AI is exploding and democratizing simultaneously

Autonomy and Combat

What does all of this mean for modern warfare? Everyone has access to this tech and innovation is rapidly bringing these technologies into combat. We are right in the middle of a new powerful technology that will shape the future of war. Buckle up.

Let’s look at this in the context of Ukraine. The Ukraine-Russia war has seen unprecedented use of increasingly autonomous drones for surveillance, target acquisition, and direct attacks, altering traditional warfare dynamics significantly. The readily available components combined with rapid iteration cycles have democratized aerial warfare, allowing Ukraine to conduct operations that were previously the domain of nations with more substantial air forces and level the playing field against a more conventionally powerful adversary. These technologies are both accessible and affordable. While drones contribute to risk-taking by allowing for expendability, they don’t necessarily have to be survivable if they are numerous and inexpensive.

The future of warfare will require machine intelligence, mass and rapid iterations

The conflict has also underscored the importance of counter-drone technologies and tactics. Both sides have had to adapt to the evolving drone threat by developing means to detect, jam, or otherwise neutralize opposing drones.
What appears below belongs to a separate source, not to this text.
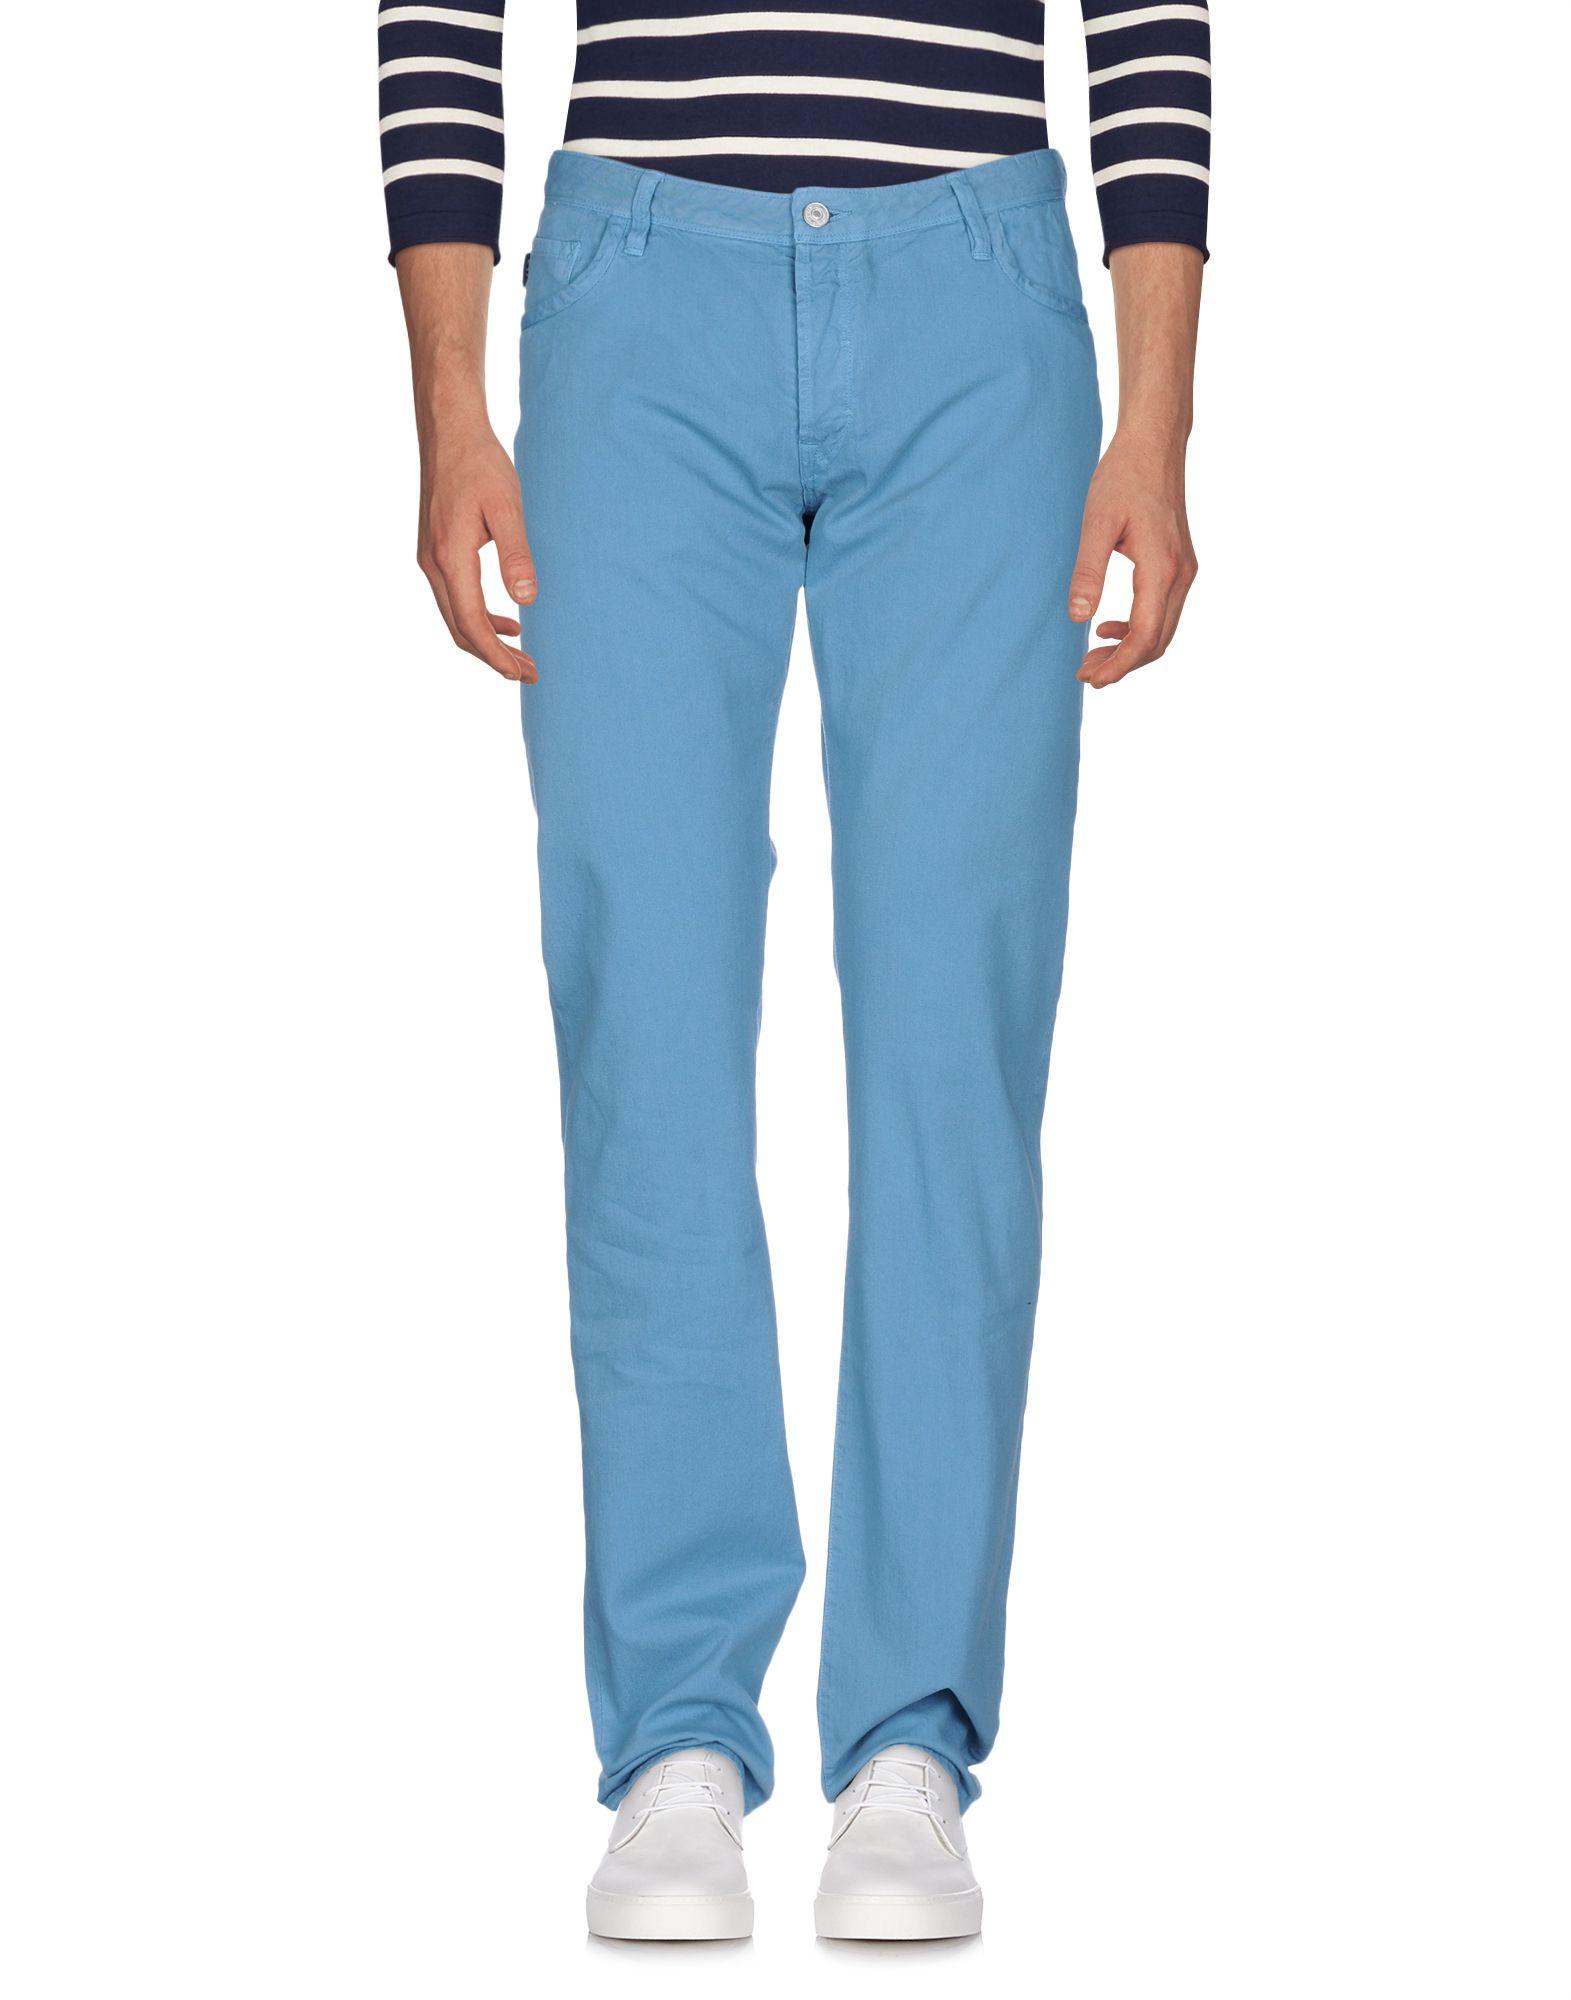 Pantaloni Jeans Paul Smith Uomo - Acquista online su

Moreover, drones have expanded the information environment, allowing unprecedented levels of surveillance and data collection which have galvanized global support for the conflict and provided options to create propaganda, to boost morale, and to document potential war crimes.

The effects are real. More than 200 companies manufacture drones within Ukraine and some estimates show that 30% of the Russian Black Sea fleet has been destroyed by uncrewed systems. Larger military drones like the Bayraktar TB2 and Russian Orion have seen decreased use as they became easier targets for anti-air systems. Ukrainian forces have adapted with smaller drones, which have proved effective at a tactical level, providing real-time intelligence and precision strike capabilities. Ukraine has the capacity to produce 150,000 drones every month, and may be able to produce two million drones by the end of the year and they have struck over 20,000 Russian targets.

As the war continues, innovations in drone technology persist, reflecting the growing importance of drones in modern warfare. The conflict has shown that while drones alone won’t decide the outcome of the war, they will undeniably influence future conflicts and continue to shape military doctrine and strategy.